### WHAT YOU ARE ASKED TO DO
In the entries that follow, the lines from the line containing "1990s French 12.96" up to and including the line containing "WONDEE cover of trunnion seat (5)" must be copied exactly, with pictures omitted.

### EXERCISE DATA
'''

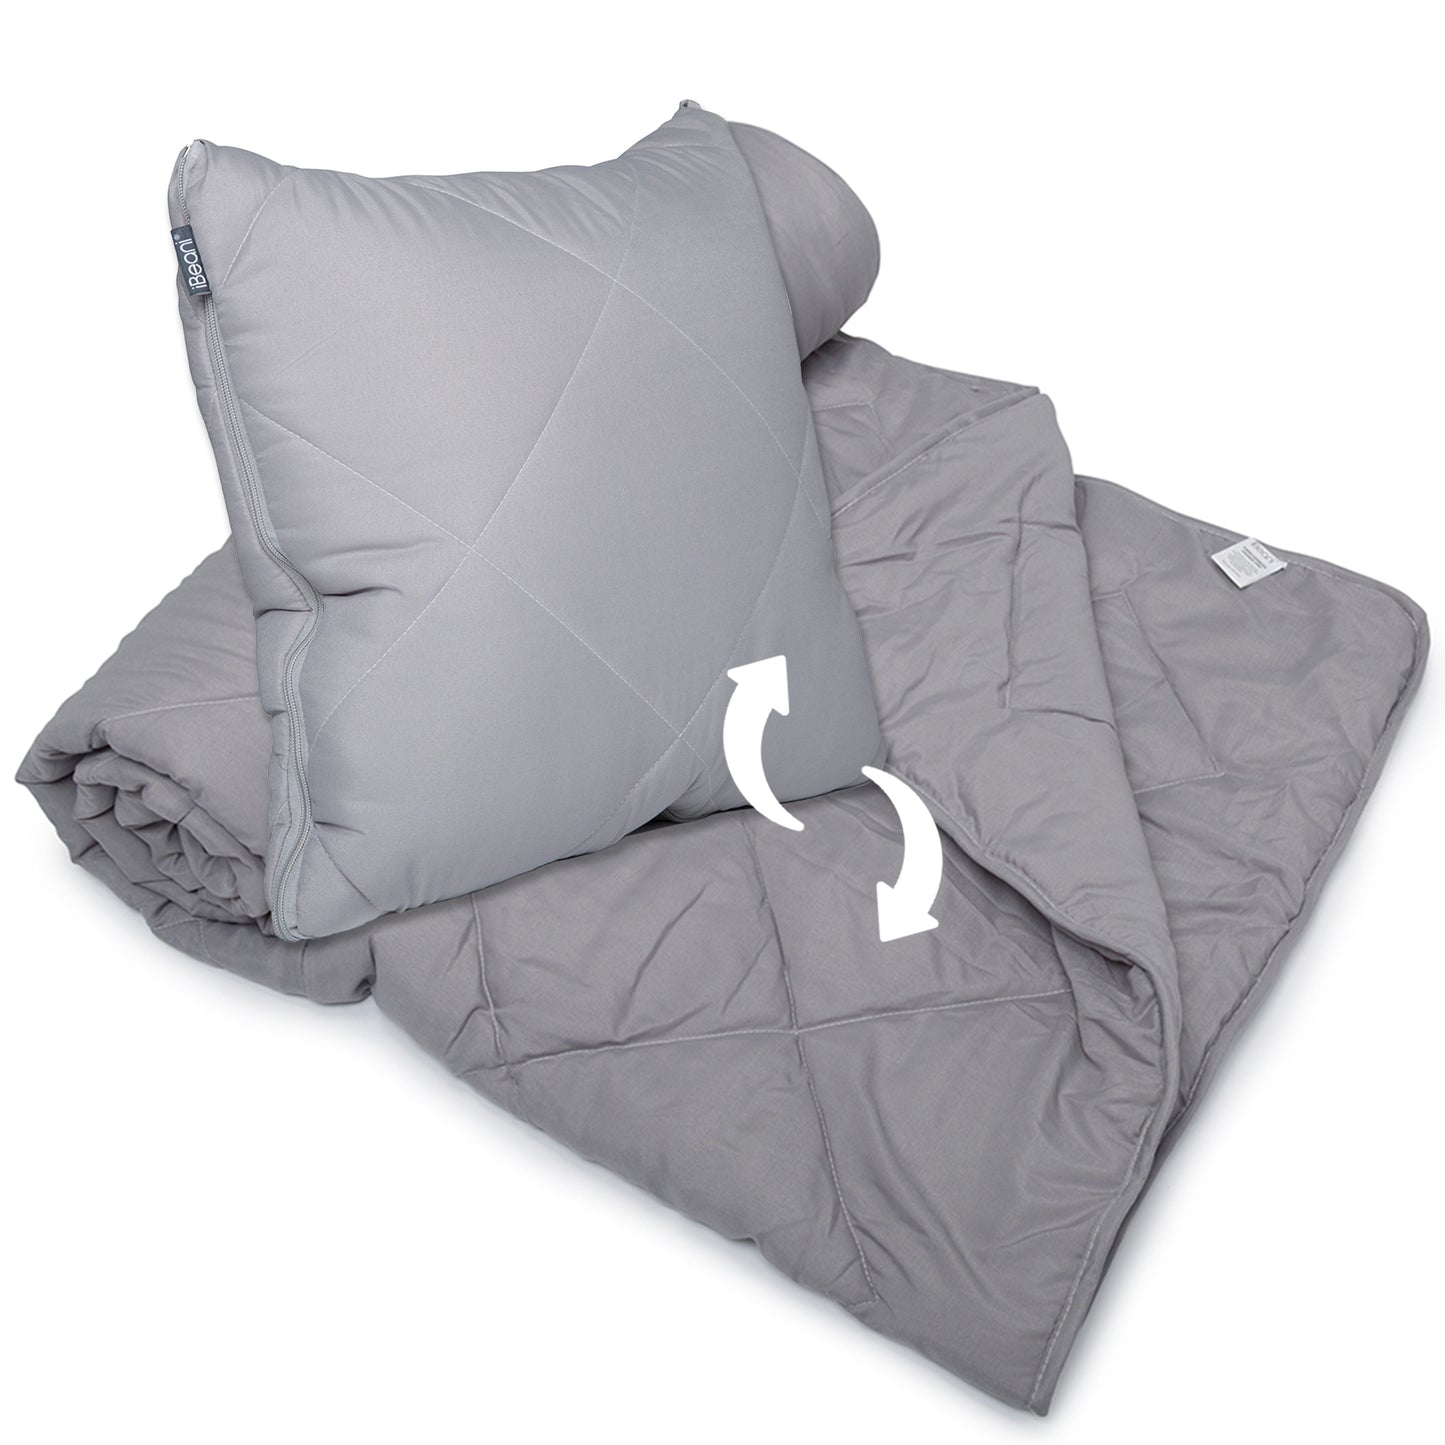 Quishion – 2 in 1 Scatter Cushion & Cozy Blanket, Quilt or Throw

'''
'''

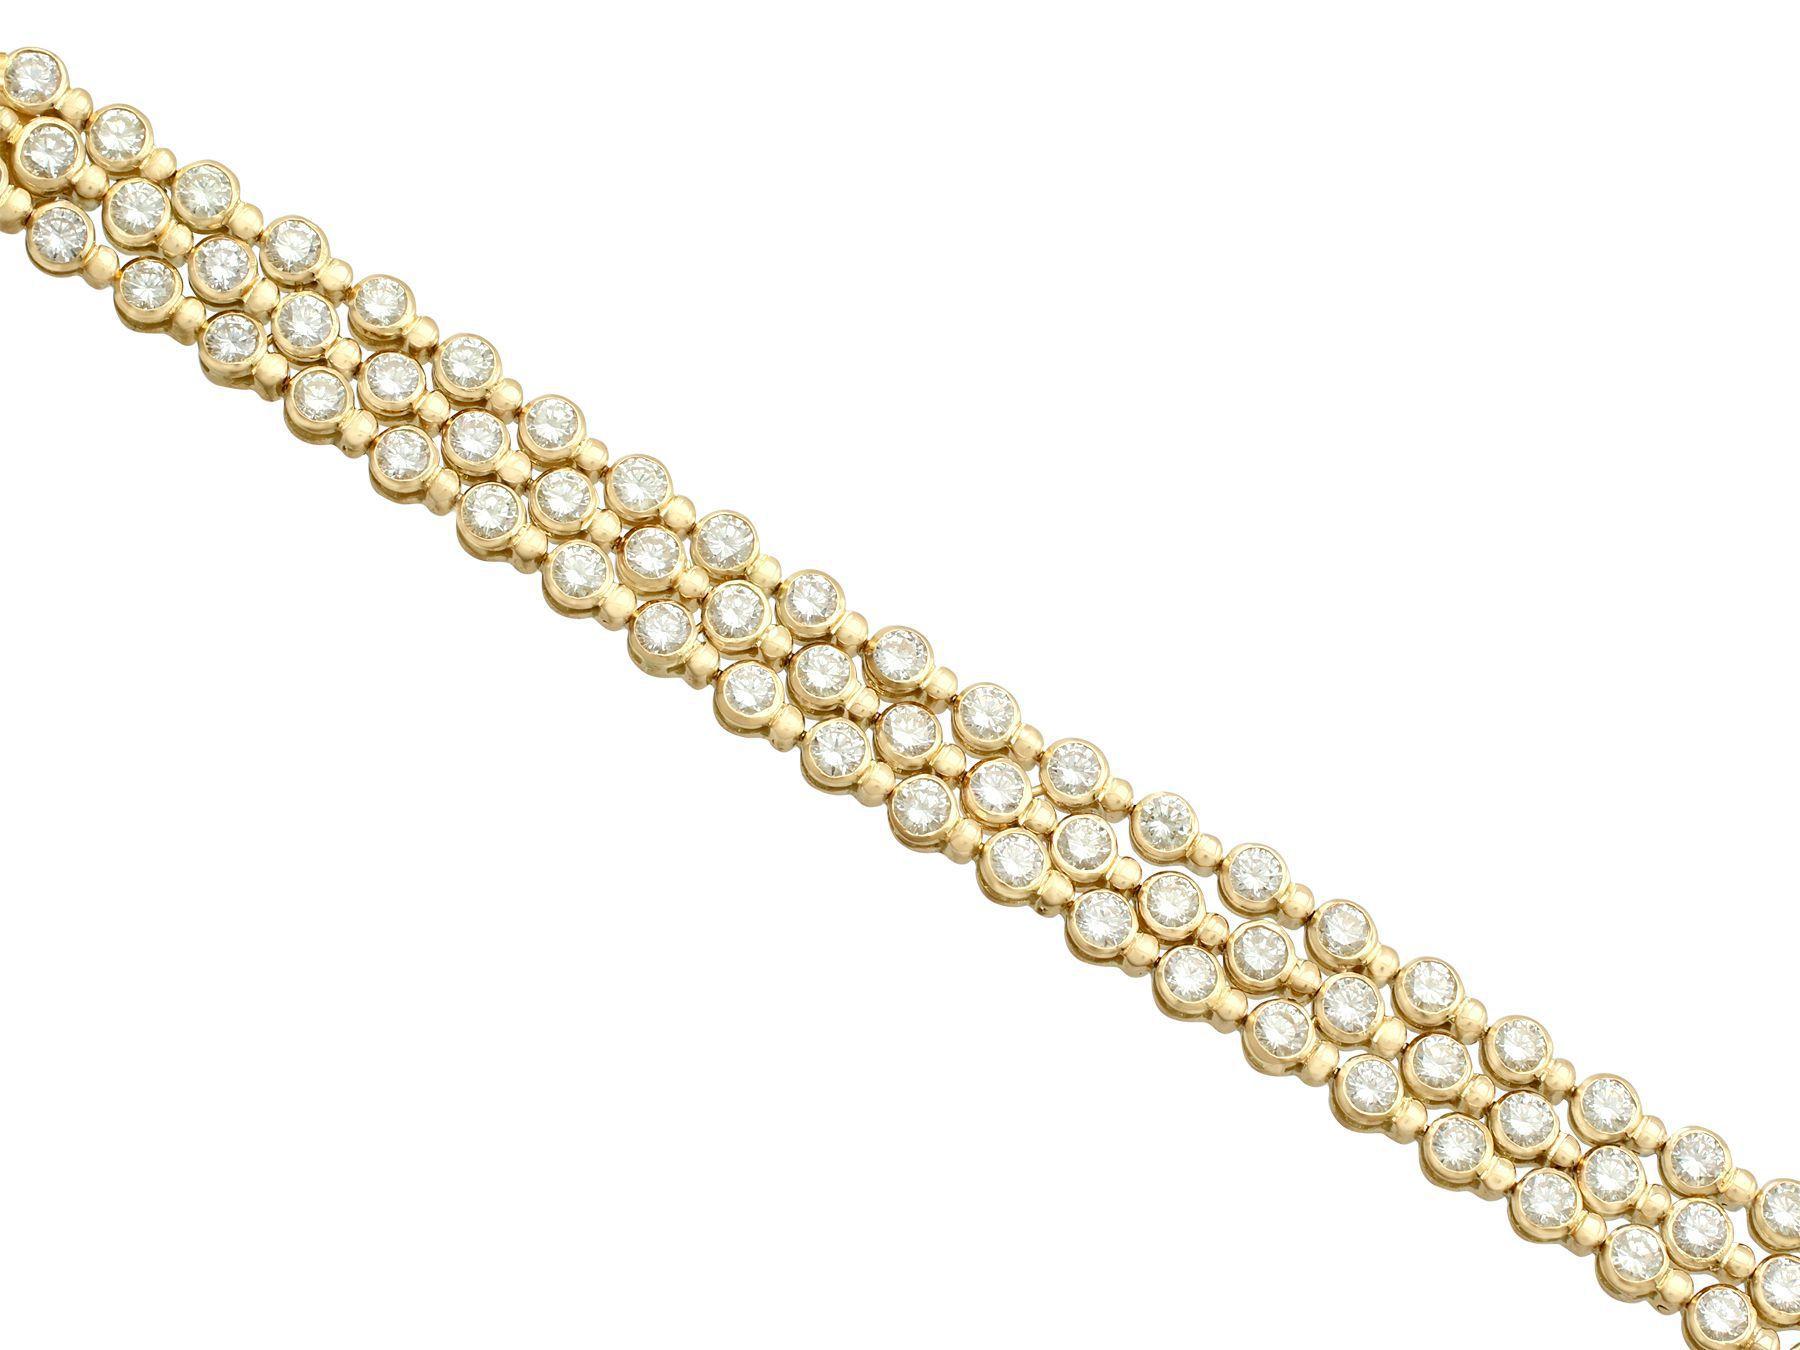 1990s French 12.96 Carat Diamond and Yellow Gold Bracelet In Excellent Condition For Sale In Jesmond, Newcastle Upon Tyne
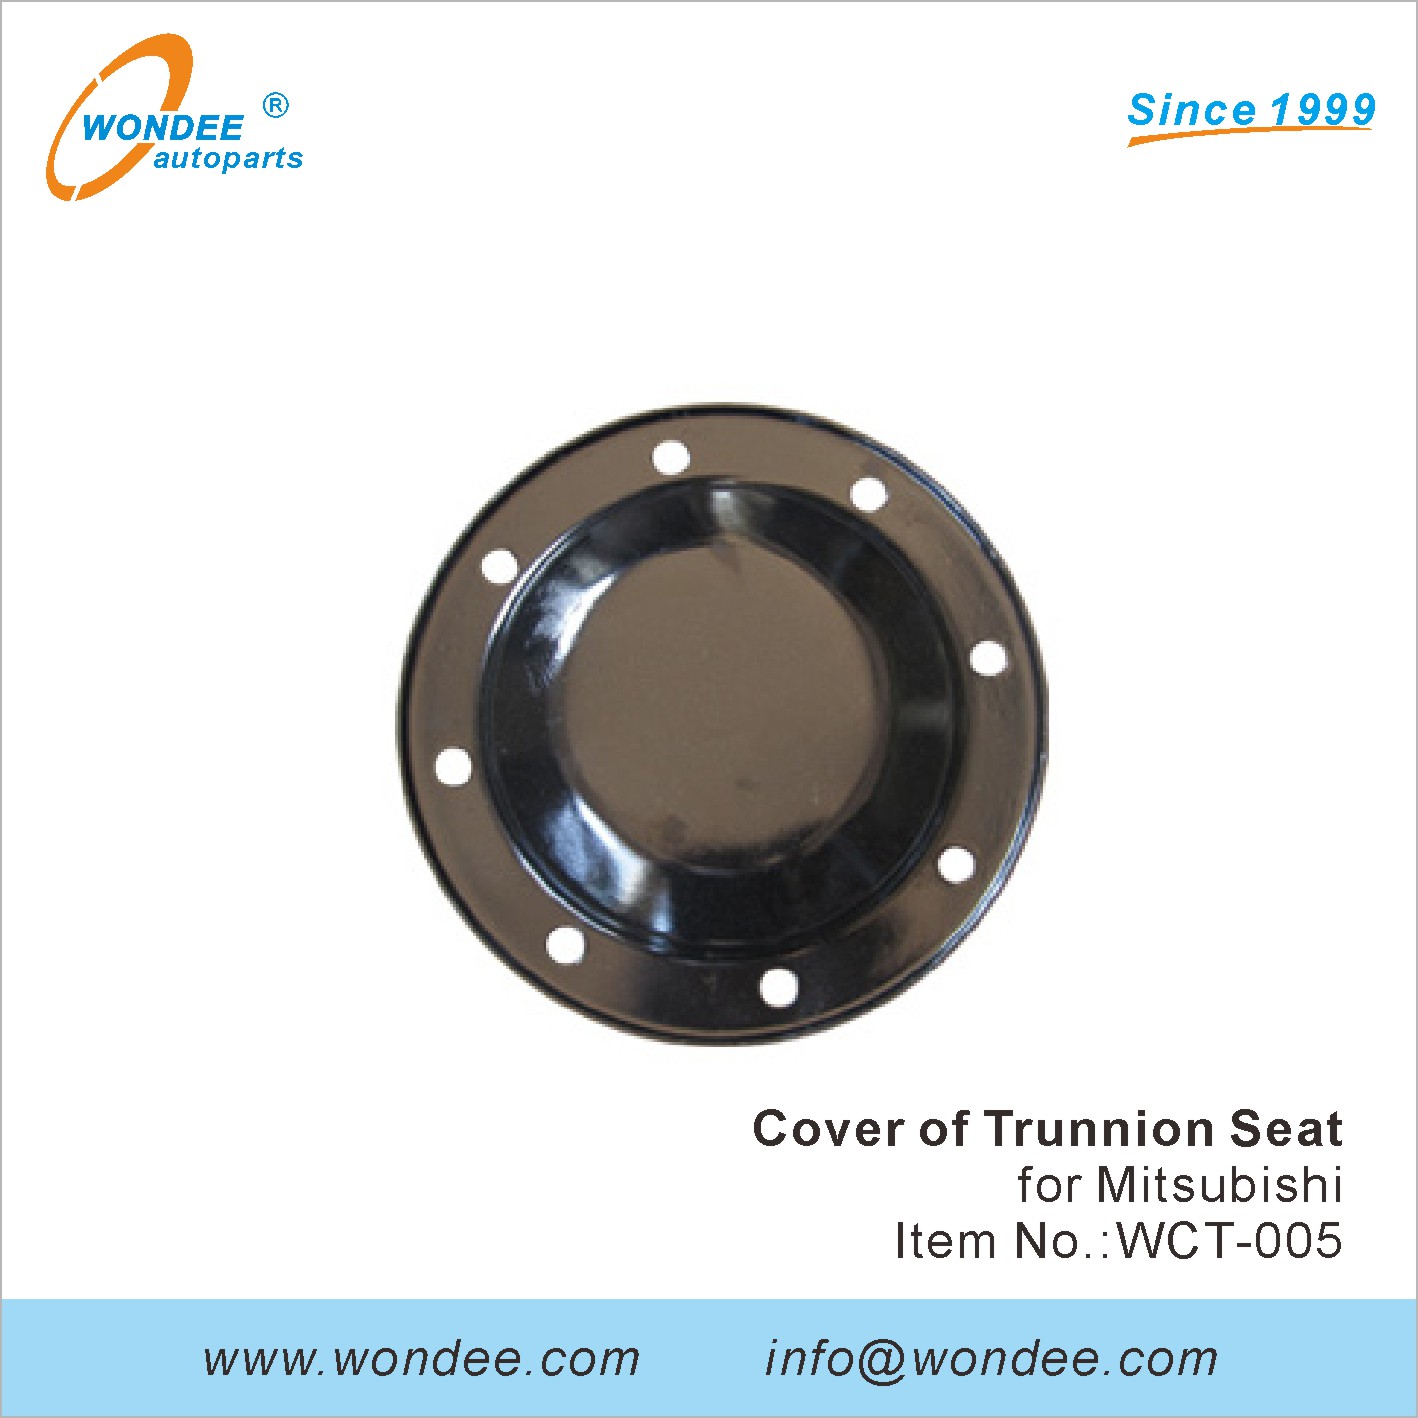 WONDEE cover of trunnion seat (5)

'''

### OUTPUT OF THE TASK
 1990s French 12.96 Carat Diamond and Yellow Gold Bracelet In Excellent Condition For Sale In Jesmond, Newcastle Upon Tyne
 WONDEE cover of trunnion seat (5)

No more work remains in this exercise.